Youth & Crime by John Muncie

Youth & Crime by John Muncie

Author:John Muncie
Language: eng
Format: epub
ISBN: 9781473911291
Publisher: SAGE Publications, Inc.
Published: 2015-07-14T16:00:00+00:00


In the 1970s, the answer to such ambiguities lay in situating particular processes of social control in their precise socio-structural and historical settings. The emerging Marxist criminology and sociology of law, for example, placed a theory of the state centre-stage in the analysis of how control was exercised (see Chapter 4.1). Hall et al. (1978, p. 195), for example, found the control culture approach to be ahistorical and too imprecise for an adequate understanding of processes of conformity, legitimation and, most significantly, opposition, in the class-structured democracies of ‘late capitalism’. It did not locate centres of power historically and thus was unable to account for moments of shift and change; it failed to differentiate between different types of state and political regime; and did not specify the type of social formation which requires a particular form of legal order. Above all, it adopted a predominantly coercive view of power and legal relations. Simply substituting coercion for the functionalist notion of consensus failed to identify how the exercise of power was often legitimized. The complex combination of processes of social regulation and civil liberties, of naked force and willing consent, and of resistance and deference was, quite simply, lost in a perspective that caricatured all police, social workers, teachers, philanthropists and reformers as unconscious agents of socio-cultural repression (Hall and Scraton, 1981, p. 470). As a result, Hall et al. (1978, p. 195) argued for the abandonment of the term ‘social control’ (except for ‘general descriptive purposes’) and its subjugation to that of state control. This, they argued, would enable recognition that the production of consent is achieved not simply through coercive measures, but through state leadership, direction, education and tutelage. Chunn and Gavigan reached a similar conclusion, again by stressing the ahistorical nature of ‘social control’ and by arguing that critical scholars should be searching for alternative concepts that are ‘attentive to the dynamic complexity of history, struggle and change’ (1988, p. 120).
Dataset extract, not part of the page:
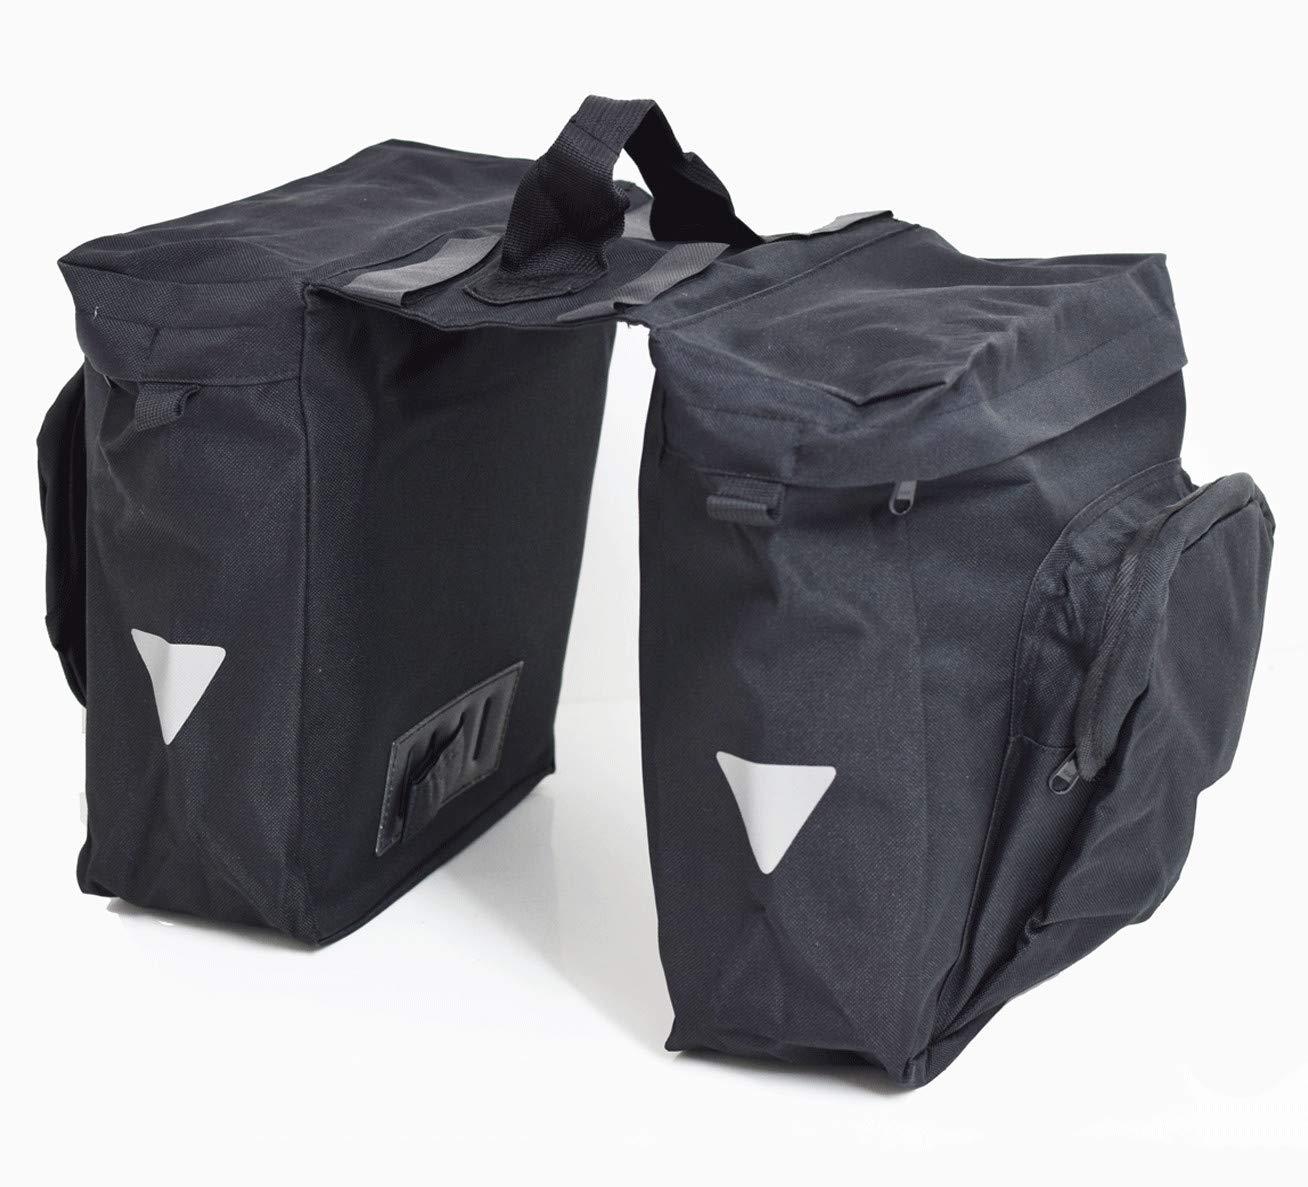 Savage PB14C Bike Bag for Luggage Rack (2-fold), Black

Feminist research has also alerted us to significant gender-based differences in the operation of both social and state control (Heidensohn, 1985). Disobedient or runaway young women and the ‘unfit’ teenage mother are far more likely to be candidates for intervention than disobedient, runaway or sexually active heterosexual young men. Moreover many social and employment policies have traditionally tended to be predicated on assumptions of female dependency and male independence. Systems of social control impact differently on different subject populations. A state-centred perspective may be able to recognize how ‘social control’ produces (rather than simply prohibits) certain behaviours, but on its own is unable to capture the nuances of control afforded by a ‘gendered lens’ (Walklate, 1995). In addition, some feminist authors have argued that the extension of control in some areas, rather than being dangerous, is urgently required in order to protect women from male domestic and street violence. As Smart (1989) argues, the law can be used not simply for disciplinary purposes, but also as a means to pursue a discourse of ‘rights’.